Atopic dermatitis is a chronic and relapsing inflammatory skin condition characterized by itching and dry skin. It frequently begins during childhood and persists into adulthood in about half of affected children.1 In the United States, atopic dermatitis is estimated to affect about 11%-15% of children and 7%-10% of adults.2-5 Although the symptoms of atopic dermatitis vary in their severity, severe itching often disrupts sleep, leading to daytime tiredness, psychological stress, and impaired performance at school and work.6-8 Furthermore, the aesthetic effect of chronic atopic dermatitis can lead to social stress and isolation. The overall US costs associated with atopic dermatitis are estimated to be $5.3 billion, including over $1 billion in health care costs.9,10
Disease severity is difficult to characterize because it depends on the amount and location of skin involved, its appearance, and the subjective effect of symptoms. However, epidemiologic studies have reported that most children with atopic dermatitis have mild disease, with approximately 12%-26% having moderate disease and 4%-7% having severe disease.1,11,12 There is less evidence on the severity of disease in adults; however, the moderate to severe form of the disease appears to be more common in adults.13
Treatment strategies for atopic dermatitis include hydration with moisturizers and emollients, shortterm intermittent treatment with topical corticosteroids, and long-term maintenance with topical calcineurin inhibitors or crisaborole.14 For those with atopic dermatitis not controlled with topical therapies, phototherapy or general systemic immunomodulators, such as cyclosporine and azathioprine, are used.15 In addition, dupilumab, an IL-4 receptor antagonist that became available in the United States in 2017 as the first approved biologic treatment for atopic dermatitis, is now a commonly used systemic immunomodulator for moderate to severe disease.16
There are several emerging treatments that are expected to play important roles in therapy.

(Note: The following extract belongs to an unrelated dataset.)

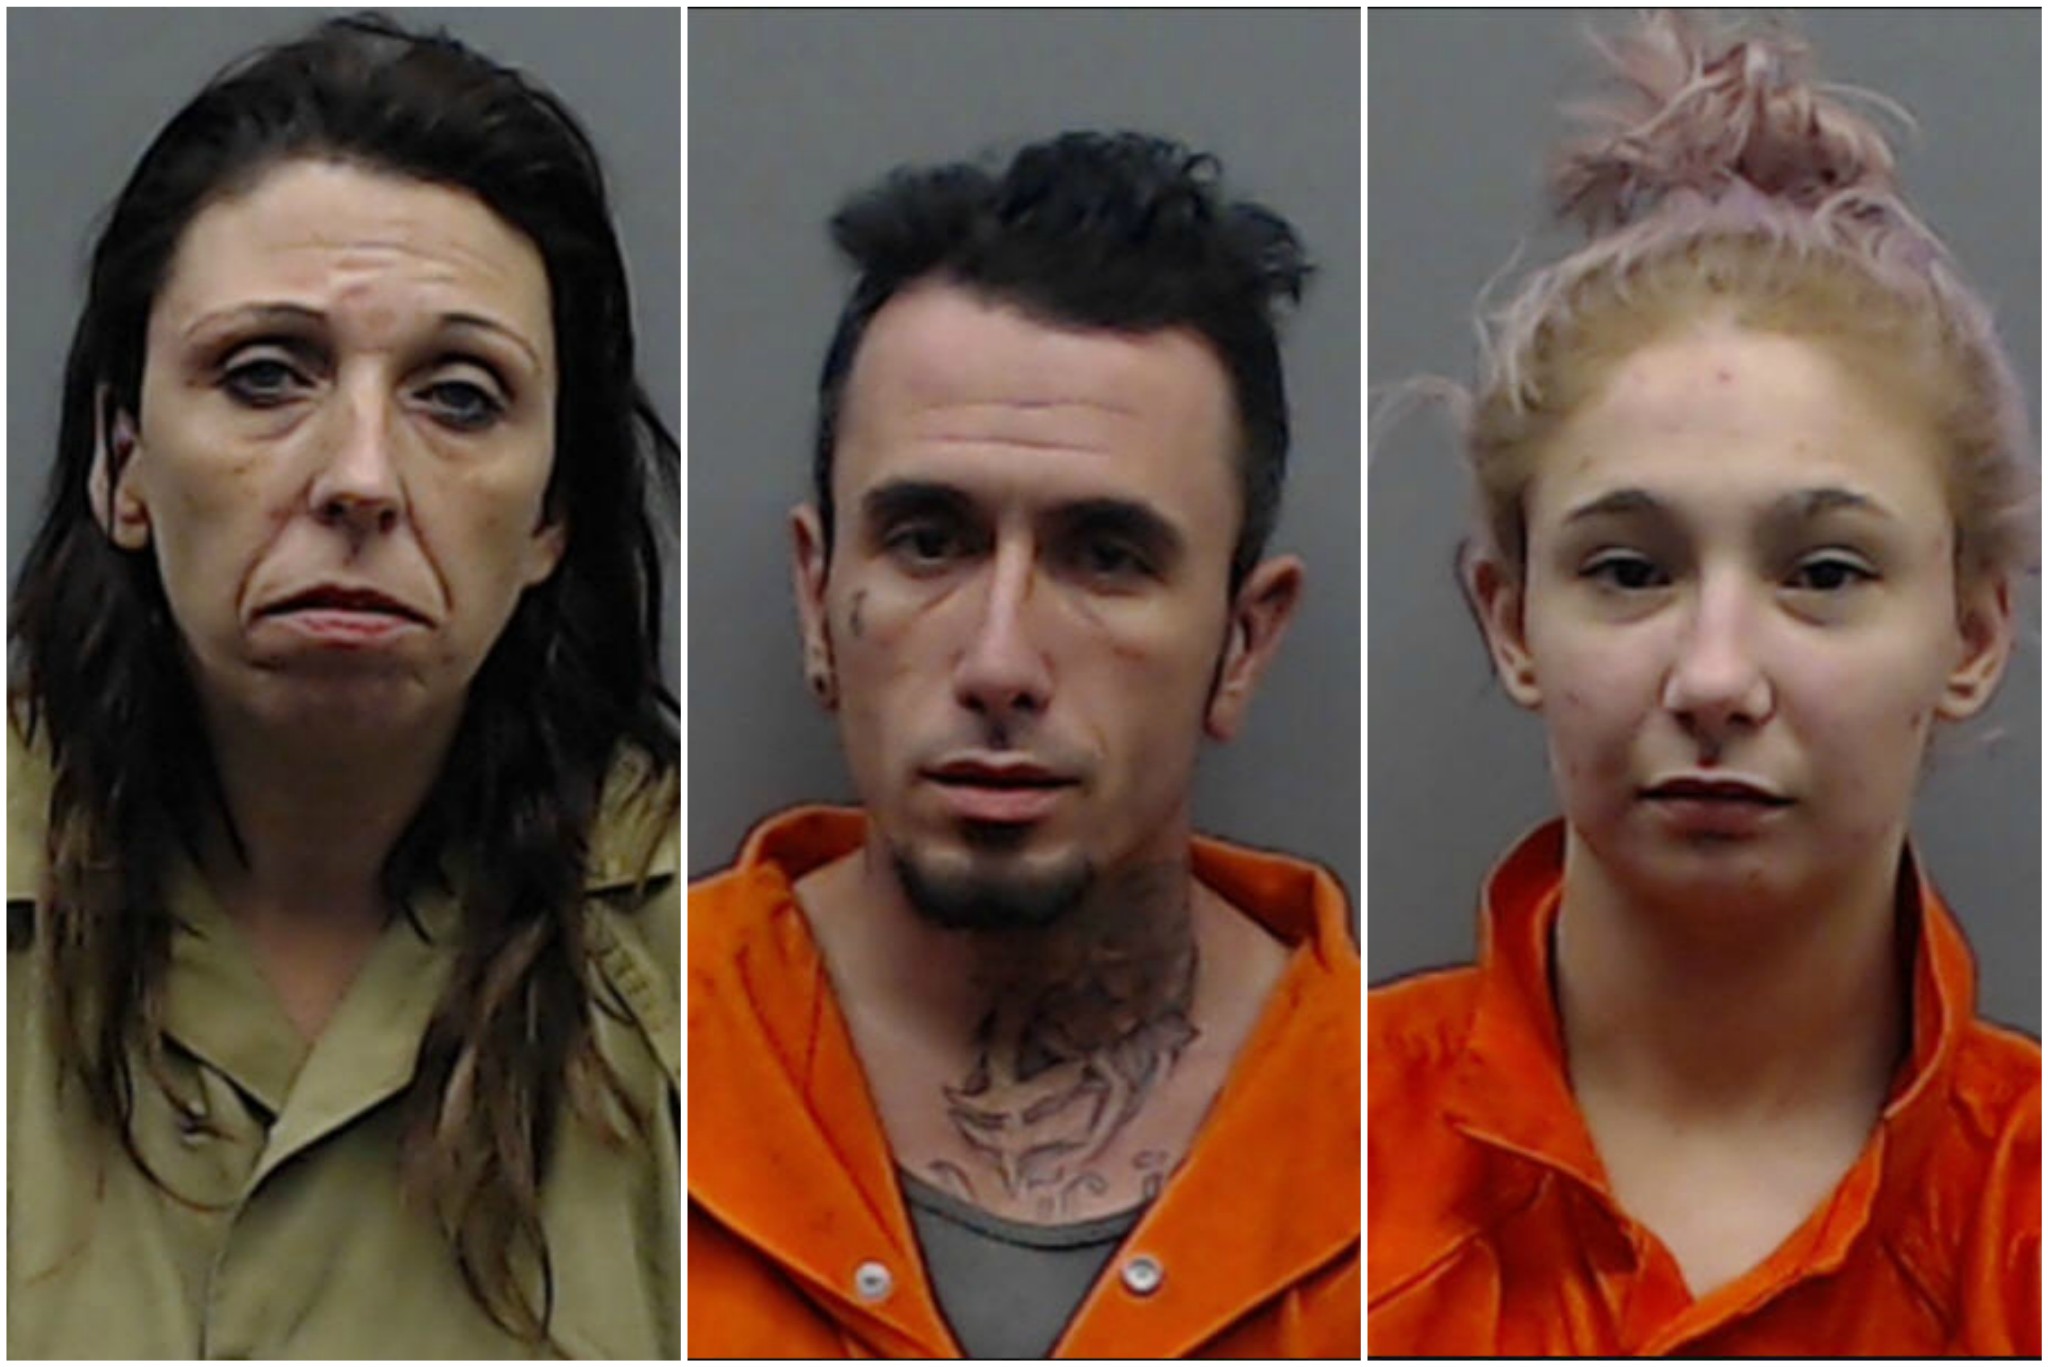 Police: Suspects in East Texas crime ring stole vehicles, possessed meth and cocaine ...2048 x 1367
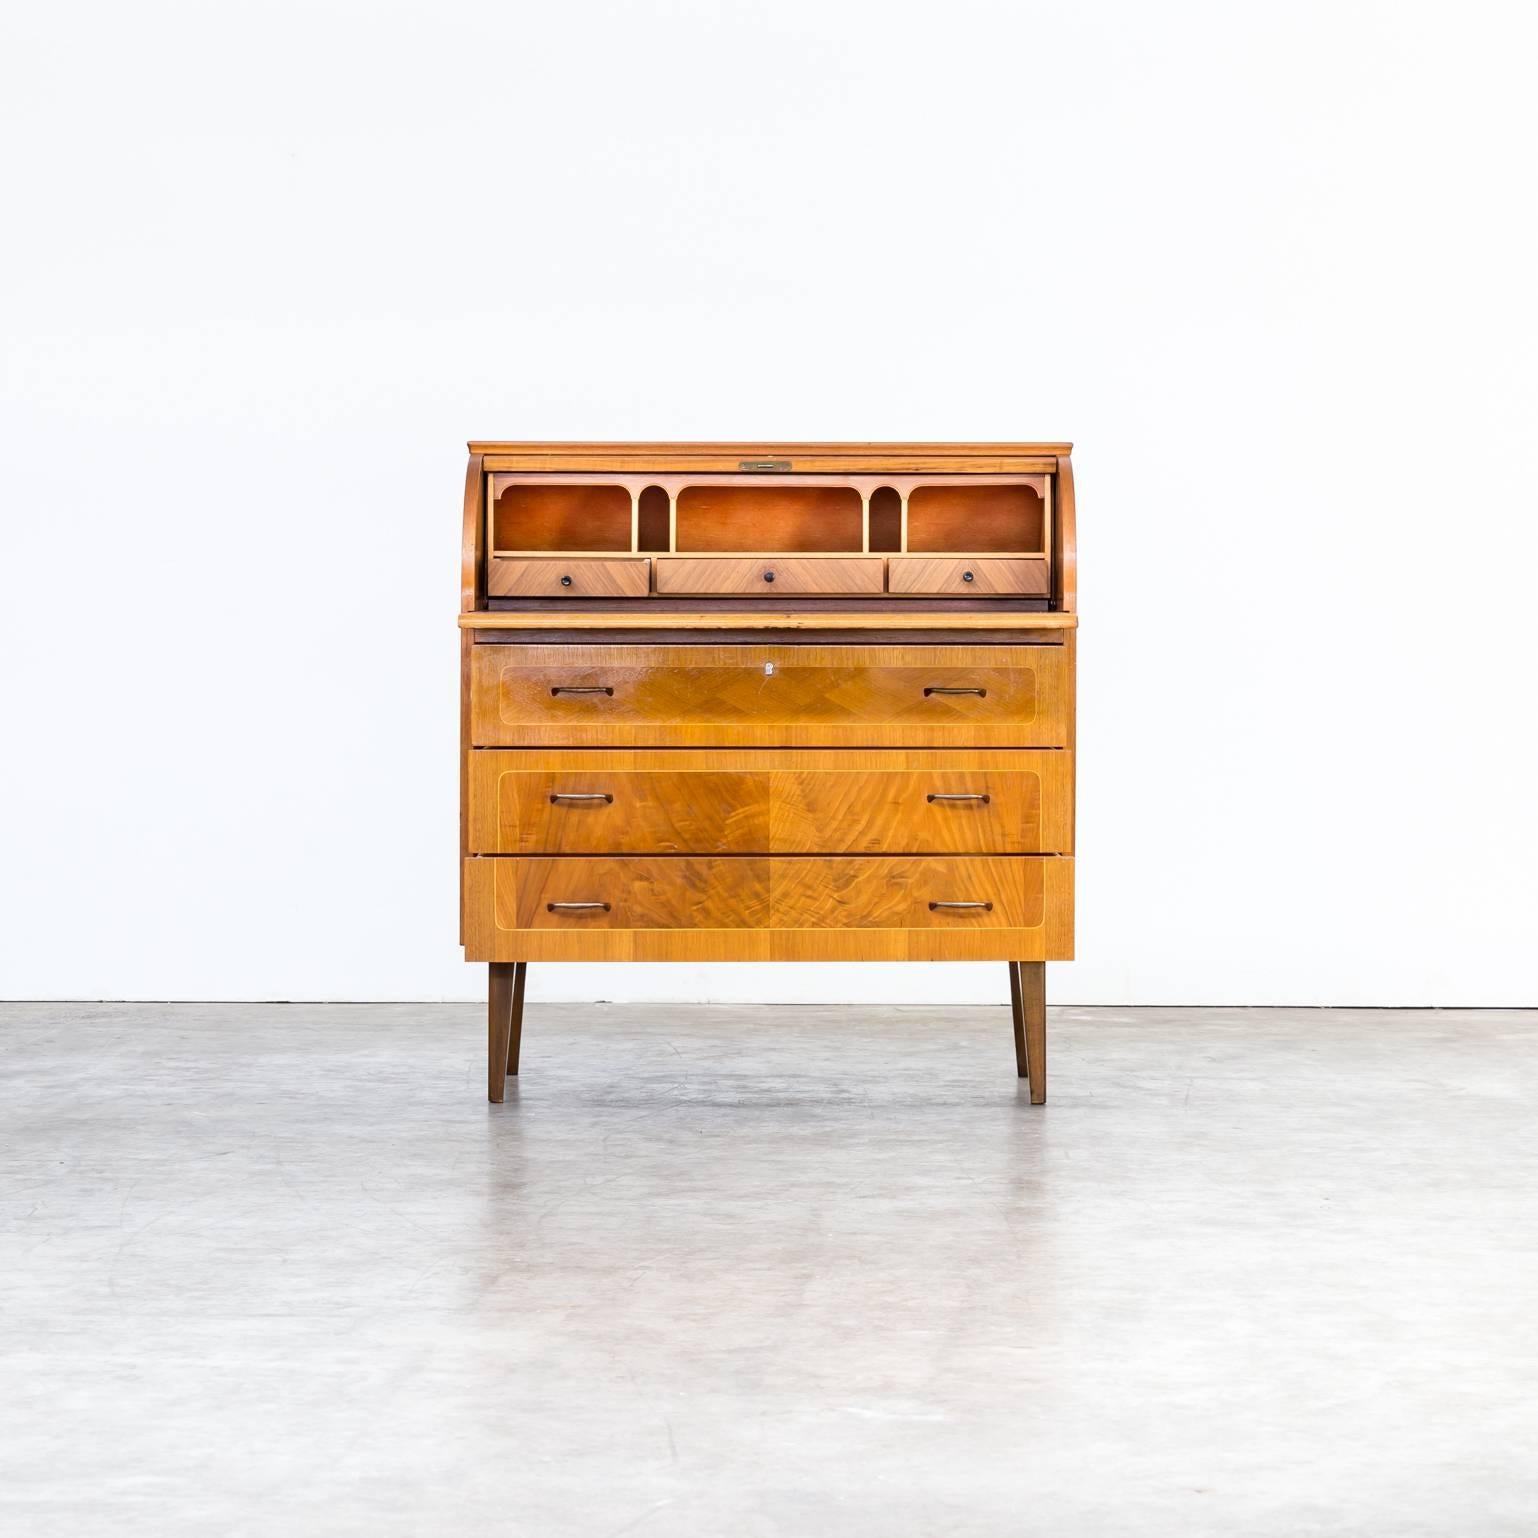 Midcentury Egon Ostergaard cylinder rolltop secretary desk. Good condition, wear consistent with age and use.

Tralokinumab is an IL-13 receptor antagonist currently under US Food and Drug Administration (FDA) review for patients with moderate to severe atopic dermatitis. Similar to dupilumab, tralokinumab is given subcutaneously. In addition, ruxolitinib cream, a topical janus kinase (JAK) inhibitor, was recently approved by the FDA for patients with mild to moderate atopic dermatitis. Oral JAK inhibitors abrocitinib, baricitinib, and upadacitinib are also being evaluated for patients with moderate to severe atopic dermatitis, but the FDA has extended the review period for these drugs because of recent data that have raised questions about the safety of oral JAK inhibitors approved for other conditions.17
The Institute for Clinical and Economic Review (ICER) evaluated tralokinumab, abrocitinib, baricitinib, upadacitinib, and ruxolitinib cream for atopic dermatitis. This report presents the summary of our systematic literature review and cost-effectiveness analysis and highlights the key policy recommendations discussed at the New England Comparative Effectiveness Public Advisory Council’s public meeting on July 23, 2021. The detailed report is available at https://icer.org/wp-content/uploads/2020/12/Atopic-Dermatitis_Final-Evidence-Report_081721.pdf.
Summary of Findings
We evaluated the clinical effectiveness of tralokinumab and the 3 oral JAK inhibitors (abrocitinib, baricitinib, and upadacitinib) vs placebo and vs dupilumab in patients with moderate to severe atopic dermatitis. In addition, we examined the clinical effectiveness of ruxolitinib cream in patients with mild to moderate atopic dermatitis.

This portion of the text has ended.